Sunday, December 23, 2012

Joins

Equi-Join is when the join columns are related using equality. e.g. T1.C1 = T2.C1
Theta-Join is when the join columns are related with > or < operators e.g. T1.C1 > T2.C1
Certain join methods only work with equi-join while some may work with any type of joins

When joining 2 tables, if there are rows that does not have matching join value, inner join will not return these rows. Outer-join on the other hand will return such rows in the result set. Example of such condition:

T1.CustID = T2.CustID - there are CUSTID in T1 not found in T2 and vice versa.

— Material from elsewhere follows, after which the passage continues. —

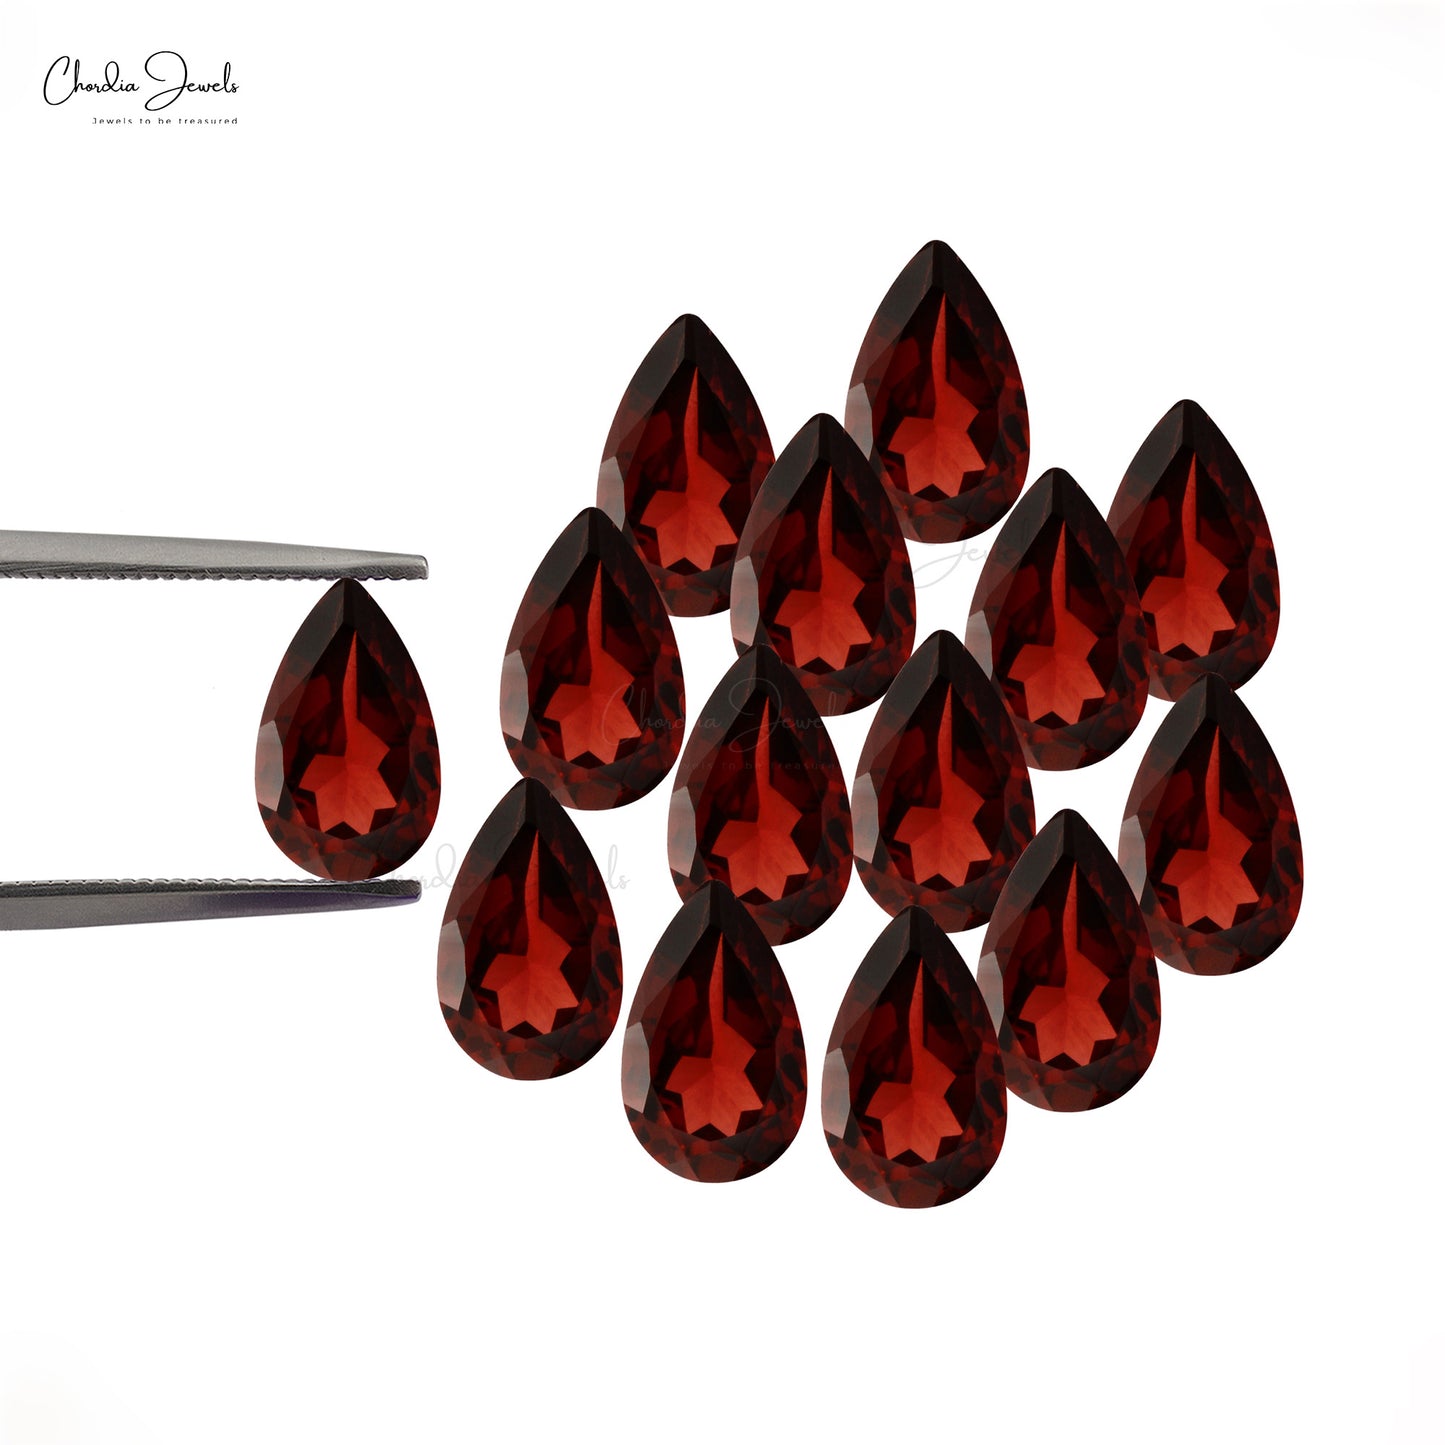 Load image into Gallery viewer, High Grade Mozambique Garnet 10X7MM Loose Faceted Gemstone for Rings, 1 Piece

No-matching rows returned from outerjoin will have some of the fields (those in the table without the join value) empty.

Join Techniques

(1) Nested Loop

Used when the number of rows return is expected to be small and indexes are available to pick up those rows efficiently. Filter the matching row in driving table, look up the matching entry in the driven table via index. Use the ROWID to access the data.
Nested loop is efficient only if the select condition is highly restrictive. To retrieve each row, IO are incurred on both indexes and tables. If the result set is large, the IO cost could be higher than scanning through the table once to find all matching rows.

(2) Sort-Merge

There is no concept of driving or driven table. Both tables are equal. Rows from both tables are first sorted in join column order. The resulting tables are then merged to find the matching rows. This join technique use full table scan. If the sort work area is not large enough to accomodate the full table, additional IO will incur to swap the rows in and out of memory and increase retrieval time. There are cases that the optimizer piggyback the sort required by the ORDER BY or GROUP BY processing.

(3) Hash Join

It uses 2-phases processing as well. In the BUILD phase, picks the smaller (driving) table and places the rows into different bin by hashing the join value. In the PROBE phase, scan through the driven table, hash the join value to compute the slot, then compare with the join value already in the slot for a match.

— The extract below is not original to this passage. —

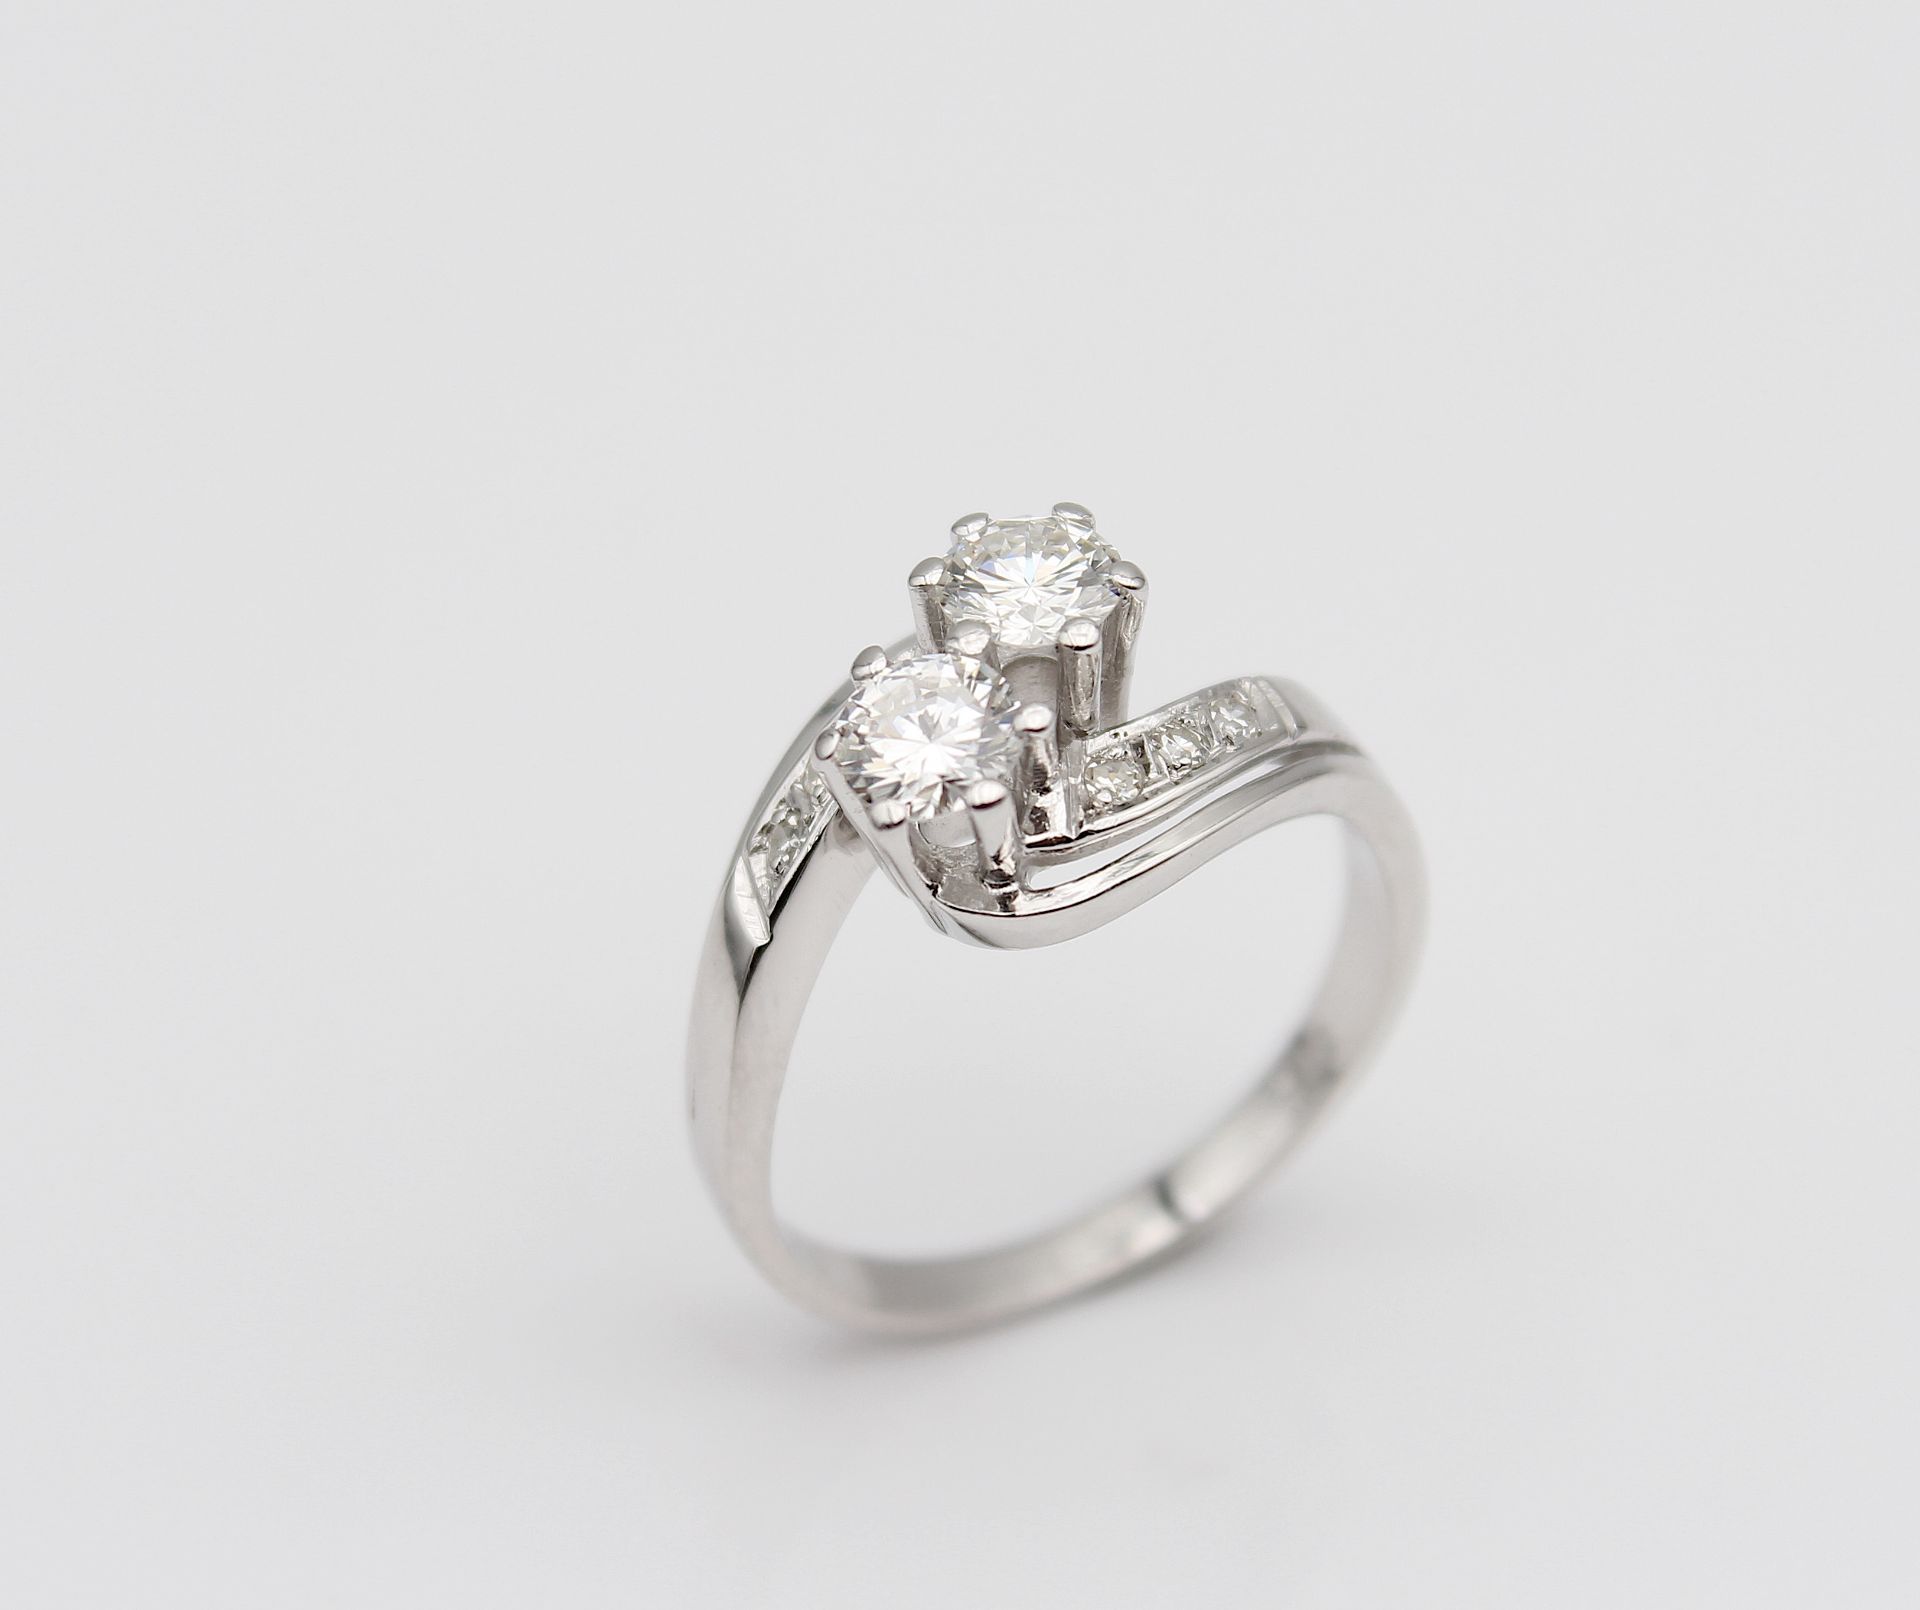 High quality ring with brilliants and diamonds - Image 5 of 5

One pit fall of hash join is when the join column has a skew distribution such that some slots contain no entry while some contain a very large number of entries. This makes the comparison in PROBE phase sub-optimal. The performance is also affected by the size of hash work area that holds the driving table.

(4) Cluster Join

It is a rare type of joins. The idea is to store the data chunks most likely to be needed at the same time in the same data block, thus speed up retrieval. The procesing is similar to nested loop. For each row in the driving row, use the cluster index to find the atching row in the driven table. These rows will probvably be in the same data block.
  Cluster join can be used when the join condition corresponding to a clustering key in the driven table.